Traders are increasingly checking on-chain data to “predict” both the short-term and long-term price trend of Bitcoin (BTC) using such platforms as CryptoQuant, Glassnode and WhaleAlert.
Particularly, data points such as Bitcoin exchange inflows and outflows and stablecoin inflows are actively used by traders to anticipate where BTC may go next.
— Whale Alert (@whale_alert) March 14, 2021
However, this type of data should be taken with a grain of salt, as large holders also realize that this data is being increasingly used by many individuals in their trading strategies. Hence, high-net-worth individuals or whales can manipulate this data to tilt the market to their advantage — but how?
Bitcoin on-chain data can be used for “psyops”
When large amounts of Bitcoin are deposited into an exchange, it typically signals that a whale or a high-net-worth investor is planning to sell BTC, at least in theory.
Investors who hold a lot of Bitcoin usually leave them in noncustodial, or self-hosted, wallets for privacy and security reasons.
Hence, when these holdings hit exchanges, it makes it seem like whales are about to put massive selling pressure on the market.
However, since whales know that investors can track deposits through such on-chain data tracking platforms, this opens the door to a fakeout situation.
In technical analysis, a “fakeout” is a term used to refer to a situation in which a trader enters a position anticipating a future transaction signal or price movement, but the signal or movement never develops, and the asset moves in the opposite direction.
For example, whales could deposit large amounts of BTC into various exchanges, making it seem like they are selling a lot of BTC, causing fear in the market to drive BTC down.
In reality, whales might not be selling the BTC deposited into exchanges at all. Instead, they may use this fakeout situation to buy the asset at a lower price, for example.
Well-known pseudonymous trader Cantering Clark explained:
“Fair to say that on-chain data and shuffling of Bitcoin from wallets to exchanges and the other way around is an abused ploy now. Do you think a huge player is going to make it known in such an open way that they plan to sell? I guess everyone still falls for the quarter trick?”
Ki Young Ju, CEO of CryptoQuant, raised a similar point regarding what he calls “psyops” — psychological operations — with on-chain data.
Ju noted that whales may deposit BTC to exchanges in order to shift market sentiment from greed to fear.

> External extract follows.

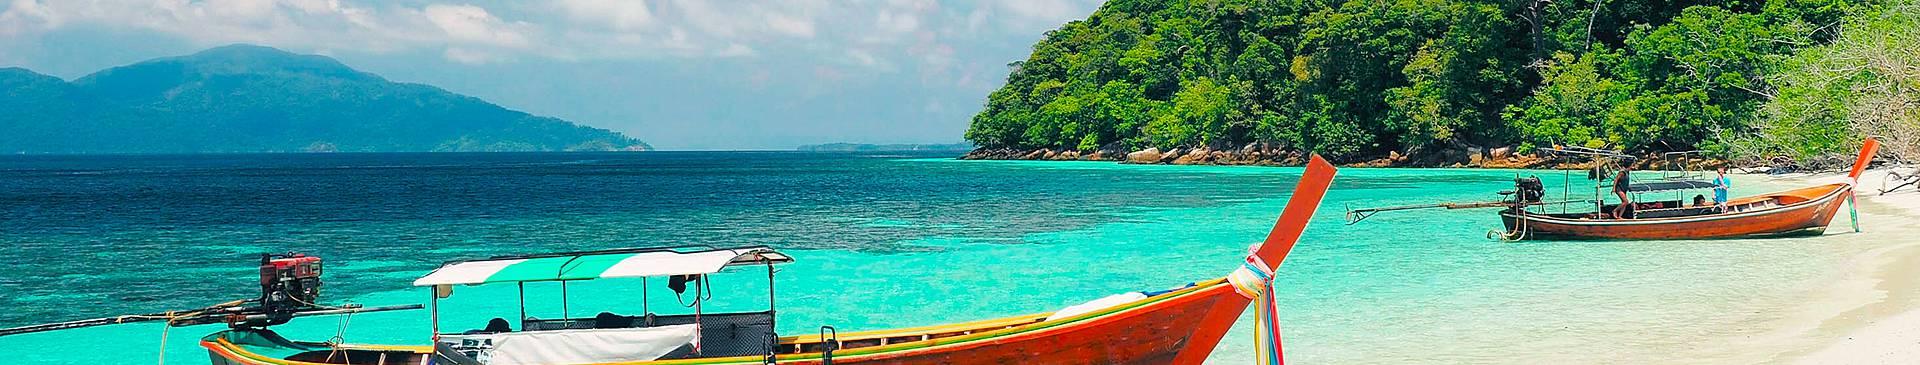 Viaggi al mare in Thailandia

The negative market sentiment alone could be sufficient to drive the price down, which may also lead to cascading liquidations if the futures market is overcrowded. Ju said:
“Speculative guess, but whales might deposit a large amount of BTC into exchanges to make people scared as a lot of people follow whale alerts.”
For instance, Gemini reportedly saw large BTC deposits before Bitcoin dropped on March 15 to as low as $54,500.
At the time, Ju emphasized that while it could be sell orders, it also could be psyops to lead the market into thinking that selling pressure is coming. He explained:
“Maybe it’s one of the three: 1. Psyops 2. Gemini running a private brokerage service, executing sell orders to other exchanges. 3. Some brokerage service uses Gemini Custody, executing sell orders to other exchanges.”
According to Philip Swift, an analyst and co-founder of Decentrader:
“It can be dangerous for traders to put too much weight on the importance of transaction movements between wallets on the Bitcoin blockchain. As we have seen today, there is often confusion around who actually owns specific wallets.”
Swift further explained that “there is clearly an opportunity for ‘pysops’, where large players trick avid wallet watchers into thinking that funds are being moved ahead of being sold on the market.”
Regarding these wallet transfers, Swift said:
“That is not the intention, the intention is simply to trick people into thinking the Bitcoin are about to be sold. It is important to remember that large players have many other ways to buy or sell $BTC such as OTC, unwinding futures positions, etc. They don’t have to always move their funds on-chain before buying or selling.”
Pretty accurate, but no silver bullet
Nevertheless, Bitcoin deposits into exchanges have historically been a fairly accurate predictor of the direction BTC will go.
For example, in the past three weeks alone, two major spikes in BTC exchange inflow marked the local top on Feb. 22 and March 15.
Therefore, many on-chain metrics, including BTC transfers to and from exchanges, have shown to be very useful in anticipating BTC price action.
But traders should also be aware that this information is open to everyone and thus cannot be considered the silver bullet of metrics. As its popularity rises, it can be gamed by whales, the media, and other influential entities. This can ultimately mislead traders and shift sentiment to give a false picture of market conditions, particularly in the short term.
The views and opinions expressed here are solely those of the author and do not necessarily reflect the views of Cointelegraph. Every investment and trading move involves risk. You should conduct your own research when making a decision.